We are bullish on the stocks market, expecting short-term choppiness but maintaining a positive long-term view. Our conviction in a secular bull market remains unshaken. Within this space, we believe AI and semiconductors have a significant runway for growth. This is reminiscent of the internet boom of the late ’90s and while there are potential risks, sound fundamental research will help identify the long-term winners. The inclusion of Nvidia in our Opportunistic Equity strategy and basket of semiconductor stocks in our more diversified strategies have been working very well. Fortunately, they have been offsetting exposure to some energy stocks that did very well last year but have pulled back with the decline in oil prices.
On the global stage, we identify value in the Chinese market, even as geopolitical tensions cast long shadows. While our positioning in this market via our more aggressive Global Tactical Asset Allocation (GTAA) strategies has not produced the expected results recently, we remain optimistic. China’s economic trajectory post-COVID lockdown reopening and its stimulative policies make it a compelling investment opportunity. Our positive outlook extends to Chile, a country currently outperforming others, particularly due to the rise in copper prices and the global shift towards electric vehicles and battery technologies, underpinned by the country’s abundant lithium reserves.
In terms of interest rates, it is our view that short-term rates will remain higher for longer than most market predictions, while long-term rates are expected to remain steady but with the potential to creep upward. Our GTAA investment strategy based on this outlook incorporates a mix of short-duration Floating Rate notes such as CLO AAA-rated and Bank Loans. These instruments, with their floating rates, are advantageous in the current environment of high short-term rates and elevated interest rate uncertainty.
In the credit arena, we see corporate debt being bolstered by a generally stabilizing outlook for corporate earnings. While higher interest rates are a headwind, businesses appear to be adapting, and the risk for a financial crisis remains low.
To conclude, our market outlook for the remainder of 2023 is positive. We believe in the transformative potential of AI and semiconductors, the resilience of the U.S. economy, and the promise of emerging markets like China and Chile. As we navigate through 2023, we intend to seize the opportunities presented while keeping a careful watch on the inherent risks. Armed with our experience and rigorous fundamental analysis, we remain confident about steering through these shifting economic currents and delivering value for our clients.

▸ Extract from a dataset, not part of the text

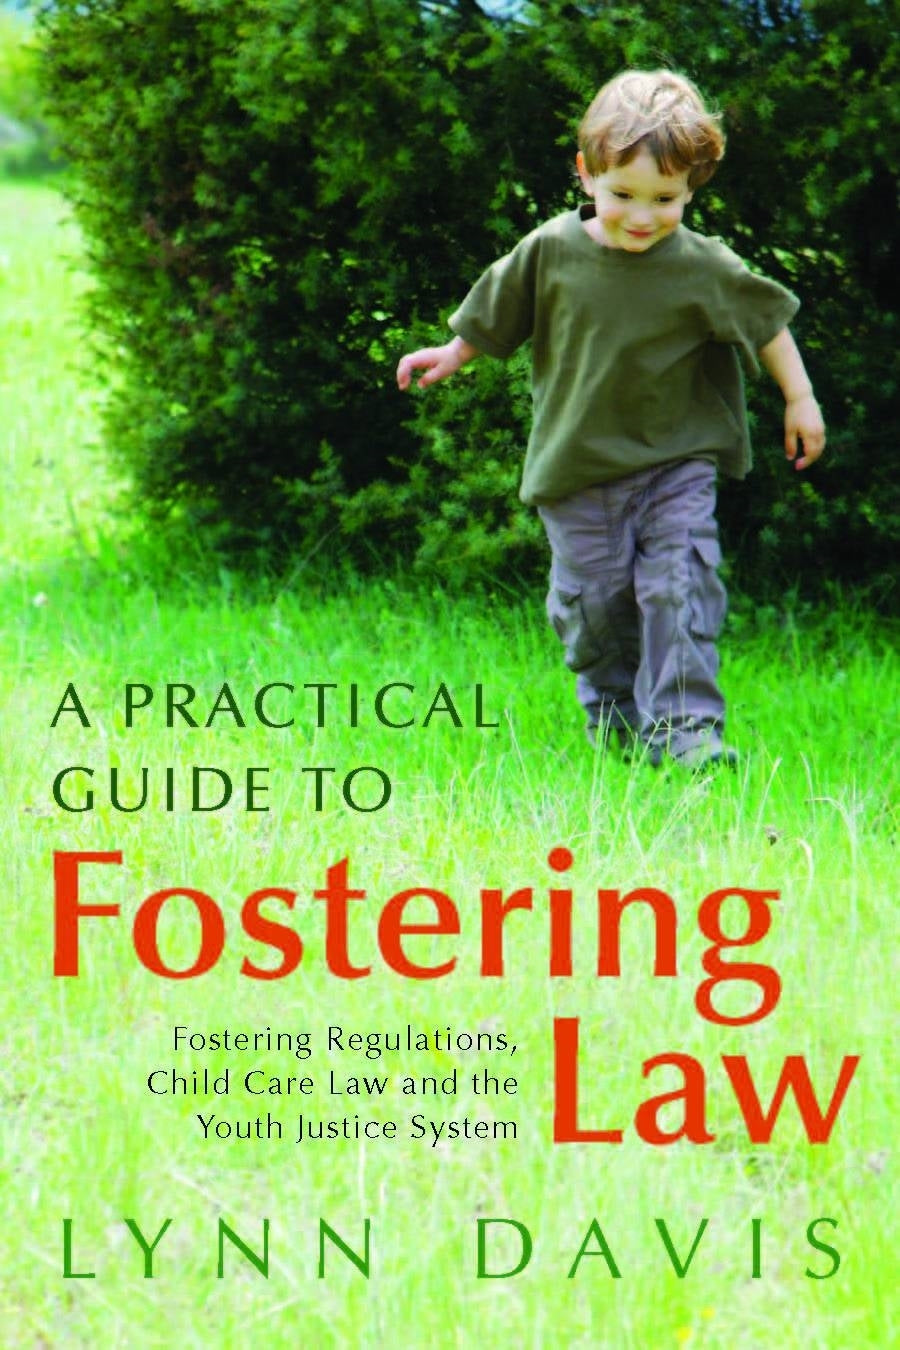 A Practical Guide to Fostering Law by Lynn Davis

This communication does not constitute an offer to sell, or a solicitation of an offer to purchase, an interest in any AWA fund, AWA strategy, or any other investment product.
The views expressed are as of June 9, 2023 and are a general guide to the views of AWA. The information and opinions contained in this document have been compiled or arrived at based upon information obtained from sources believed to be reliable and in good faith. All such information and opinions are subject to change without notice. A number of the comments in this document are based on current expectations and are considered “forward-looking statements.” Actual future results, however, may prove to be different from expectations. The opinions expressed are a reflection of AWA’s best judgment at the time this letter was drafted, and any obligation to update or alter forward-looking statements as a result of new information, future events, or otherwise is disclaimed.
Past performance does not guarantee future results. Any and all graphs in this presentation should not be used to make investment decisions.